Just a quick note: My absolute favorite phonetics instruction software is sndpeek by Princeton Sound Lab, a real time Fast Fourier Transform and Waveform display program. Unfortunately, because Apple deprecated a bunch of old audio methods, it was broken with the update to Lion. However, some kind soul has updated the software to be Lion compatible, and it’s back to working like a charm. To download it, visit the sndpeek website and click on the “mac (mac osx lion) binary”.
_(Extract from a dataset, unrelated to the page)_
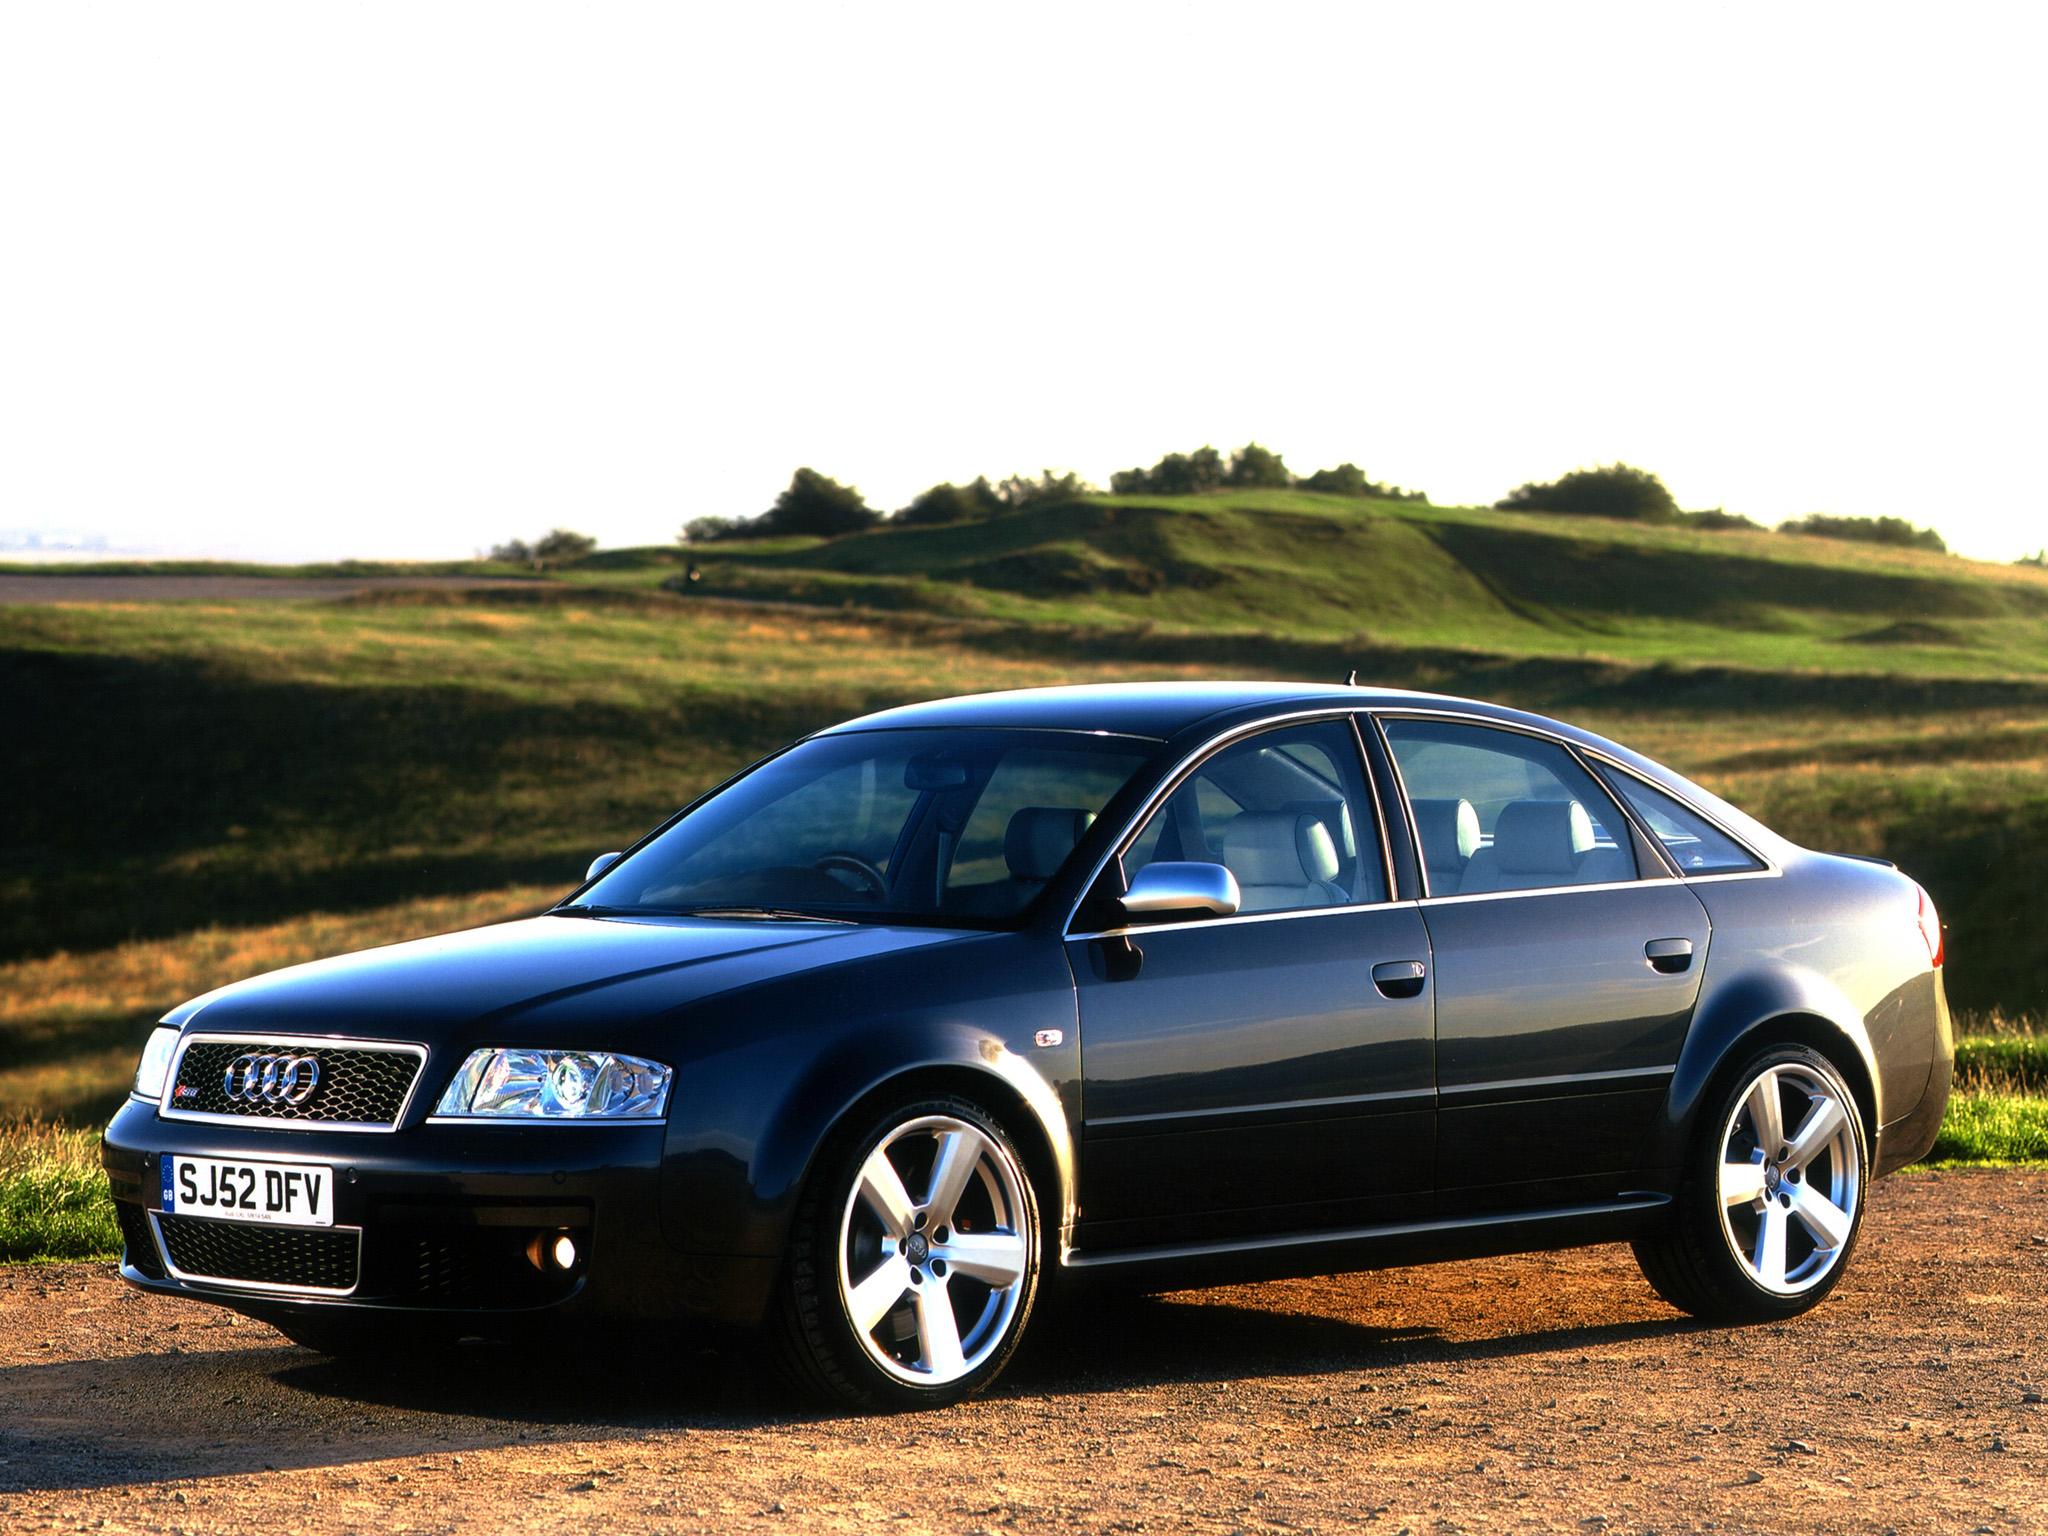 Audi RS 6 I (C5) 2002 - 2004 Sedan #1
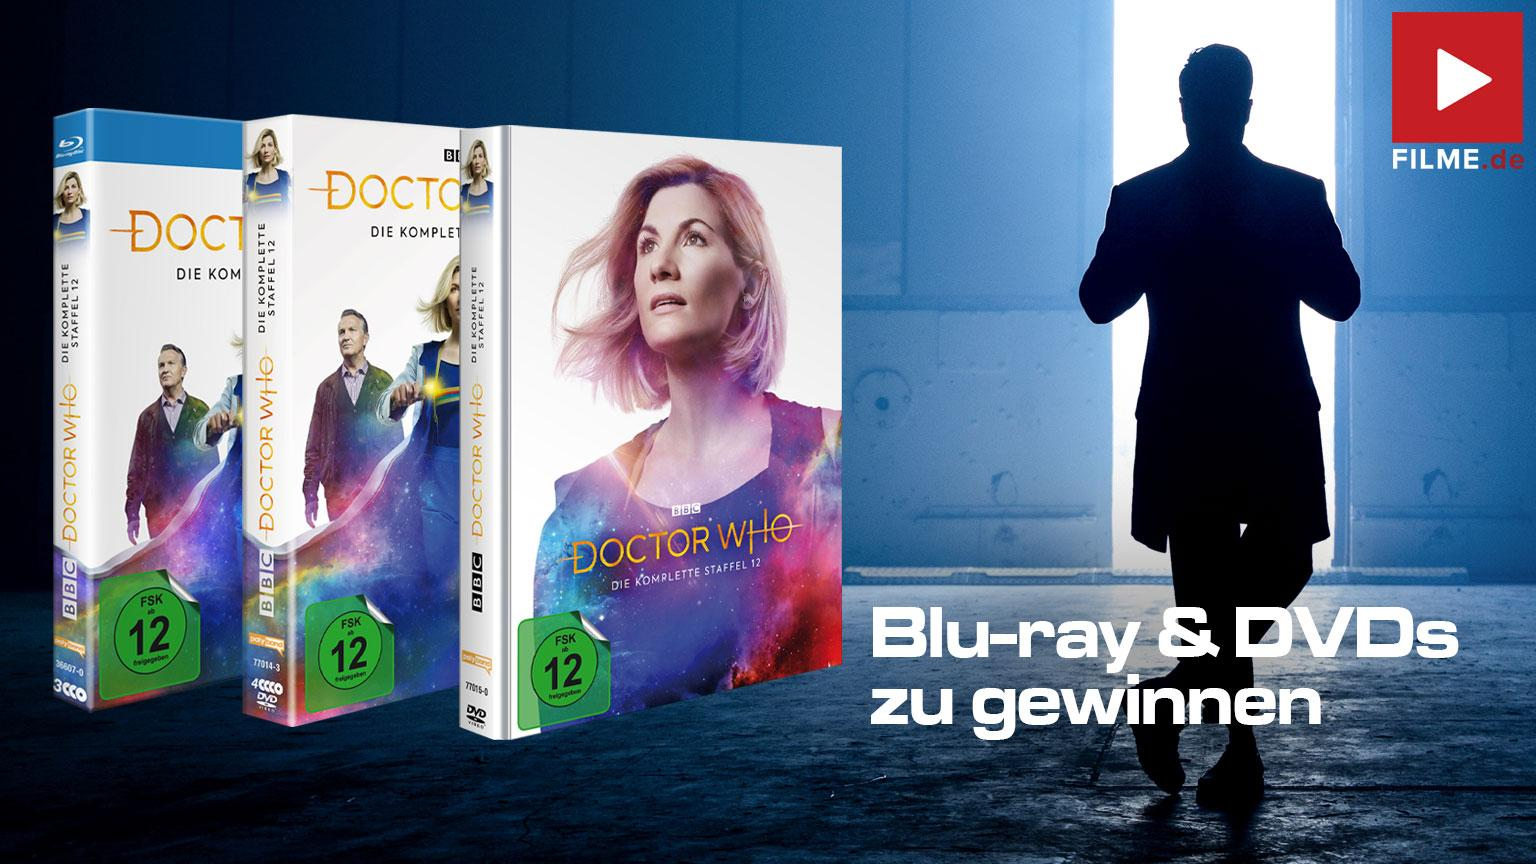 Dr. Who Staffel 12 Mediabook DVD Blu-ray Serie gewinnspiel gewinnen shop kaufen Artikelbild

To install, download the tgz file (the below code assumes you’ve downloaded it to the desktop), double click it to expand, then open a terminal and type:

cd ~/Desktop/sndpeek-1.3-exe

(then hit "enter")

sudo cp bin/sndpeek /bin/

Once you hit enter after typing the above command, OS X will then ask for your OS X administrator password (to copy the file deep into the filesystem), and once you’ve done that, at any point in the future, you’ll be able to just type “sndpeek” into a terminal and it’ll pop up a window displaying whatever sound source is selected in your Sound input preference pane. I usually give a more complex command to produce a prettier output, “sndpeek –logfactor:0.5 –lissajous:OFF –features:OFF –depth:150′”

I encourage you to play with the software as there are few better tools to help understand what a spectral slice is, how it works, and how spectrograms can be made. Enjoy!

Tagged with Computers and Software, Conventional Linguistics, Followups, Phonetics and Phonology | Leave a Comment


This morning, Consumerist linked to an article in Primer Magazine (for some reason), titled “10 Words You Mispronounce That Make People Think You’re an Idiot”.

With a name like that, it couldn’t be anything but judgmental pedantry, but even in an otherwise eyeroll-worthy article, I found that several of these words are actually completely reasonable pronunciations, and several of them demonstrate interesting phonological processes. So, I’m going to discuss them a little bit.

Athlete (pronounced with a schwa in the middle, “Ath-uh-leet” /æθəlit/)

This is a very reasonable and common pronunciation, which I noticed extensively in the speech of even experts on the subject (Michael Lewis, the author of Moneyball: The Art of Winning an Unfair Game is a notable /æθəlit/ speaker. Here, the change likely comes from our dislike of having an interdental sound (/θ/) right next to a lateral (/l/). If you attempt to make the “correct” pronunciation, you’ll notice that your tongue is, in a sense, trapped between your front teeth, and to make a smooth gesture, you end up having to attempt to curve the sides of the middle and back of your tongue down. Which is unpleasant. So, it’s not shocking at all that speakers who use the word often may add the schwa.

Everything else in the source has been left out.